━━━ SOURCE DATA
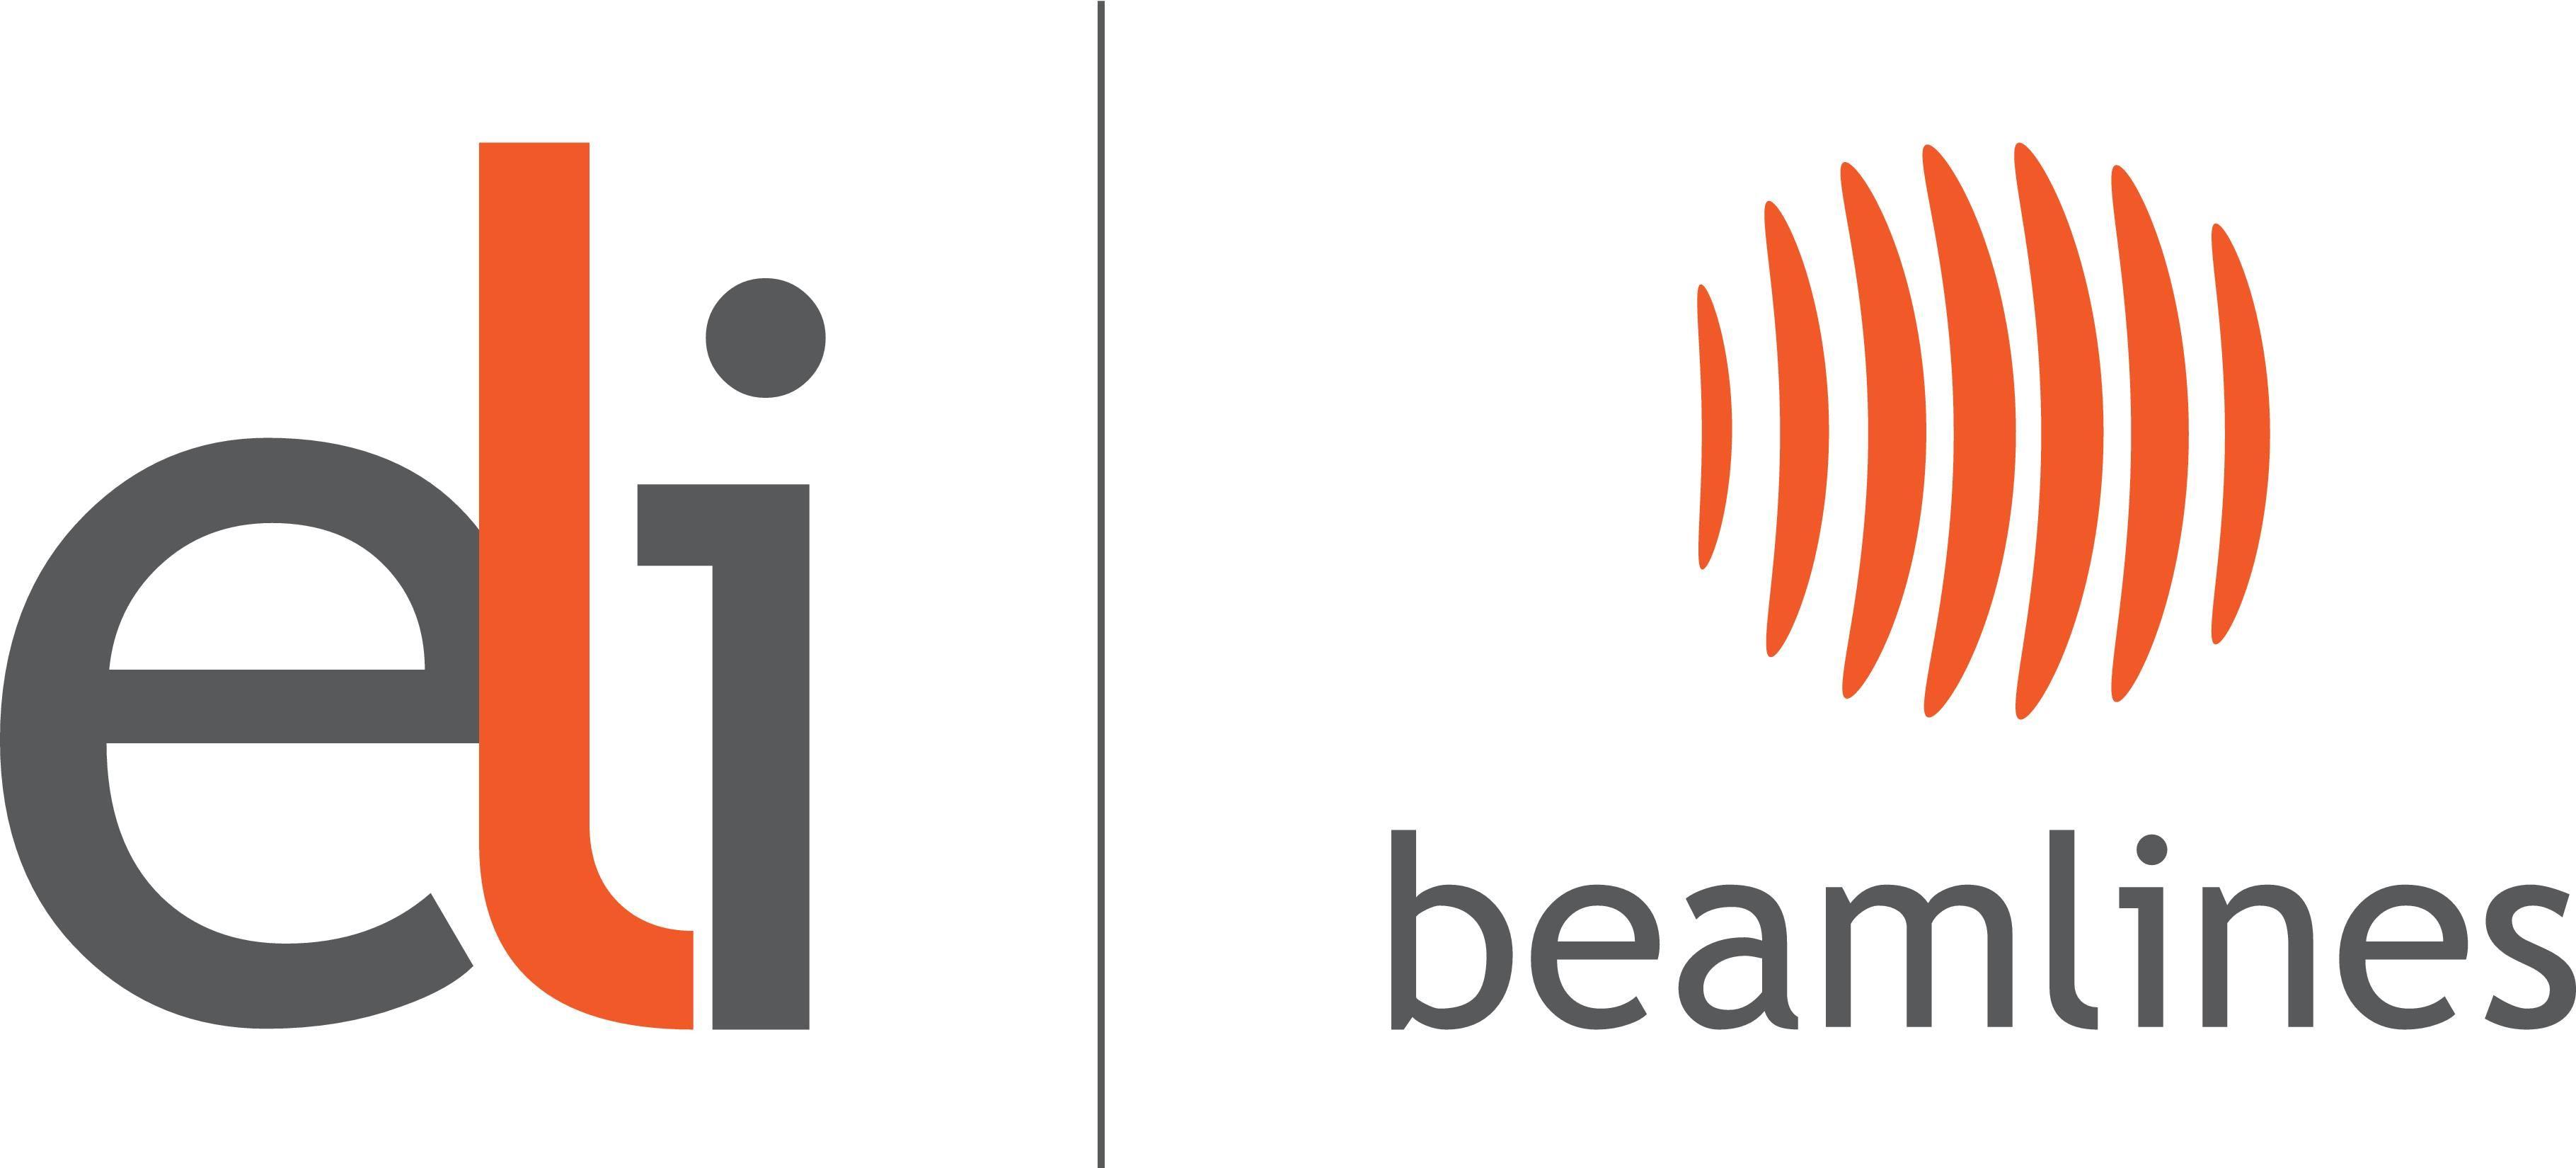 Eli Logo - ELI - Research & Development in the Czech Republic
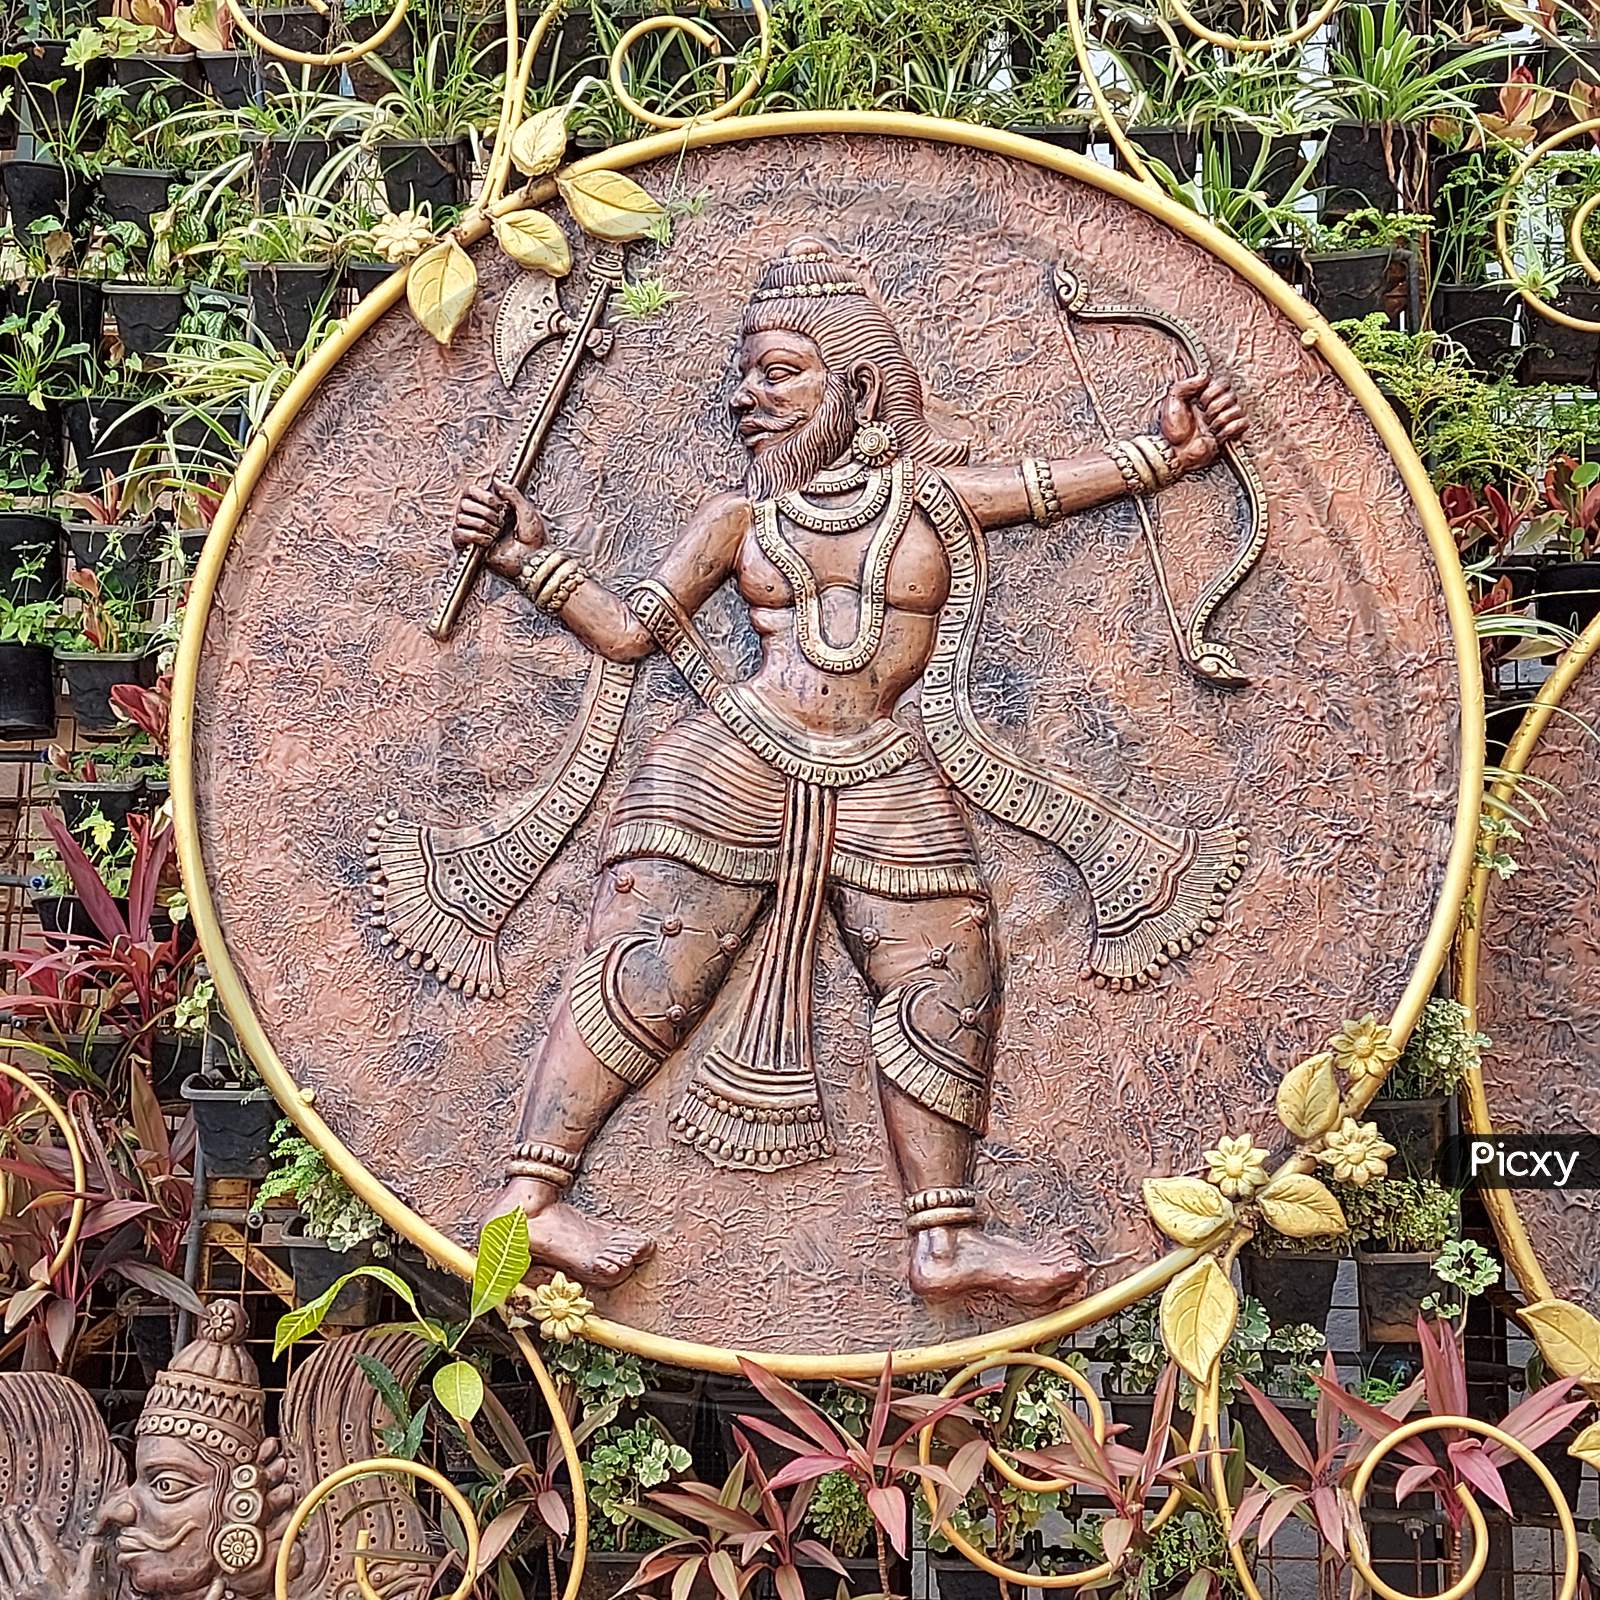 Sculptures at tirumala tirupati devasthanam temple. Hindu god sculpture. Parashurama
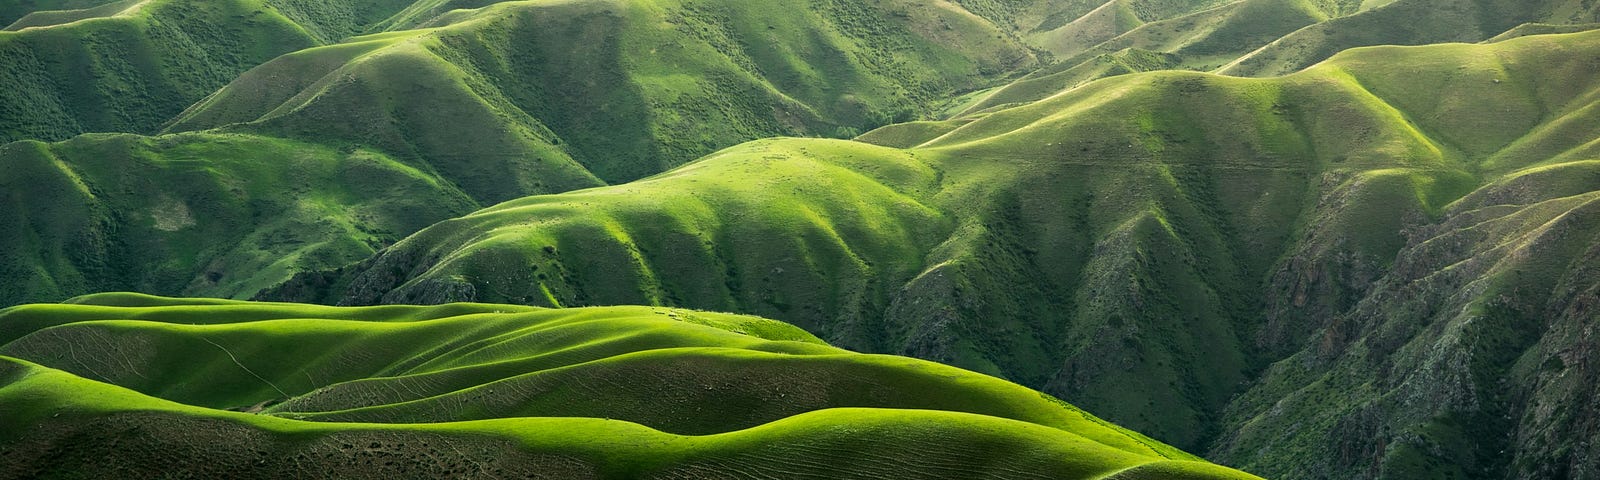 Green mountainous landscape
━━━━━━
# TASK ITEM:
Full copy, no pictures: write out each line of the data exactly as it stands.

# RESPONSE TO THIS TASK:
 Eli Logo - ELI - Research & Development in the Czech Republic
 Sculptures at tirumala tirupati devasthanam temple. Hindu god sculpture. Parashurama
 Green mountainous landscape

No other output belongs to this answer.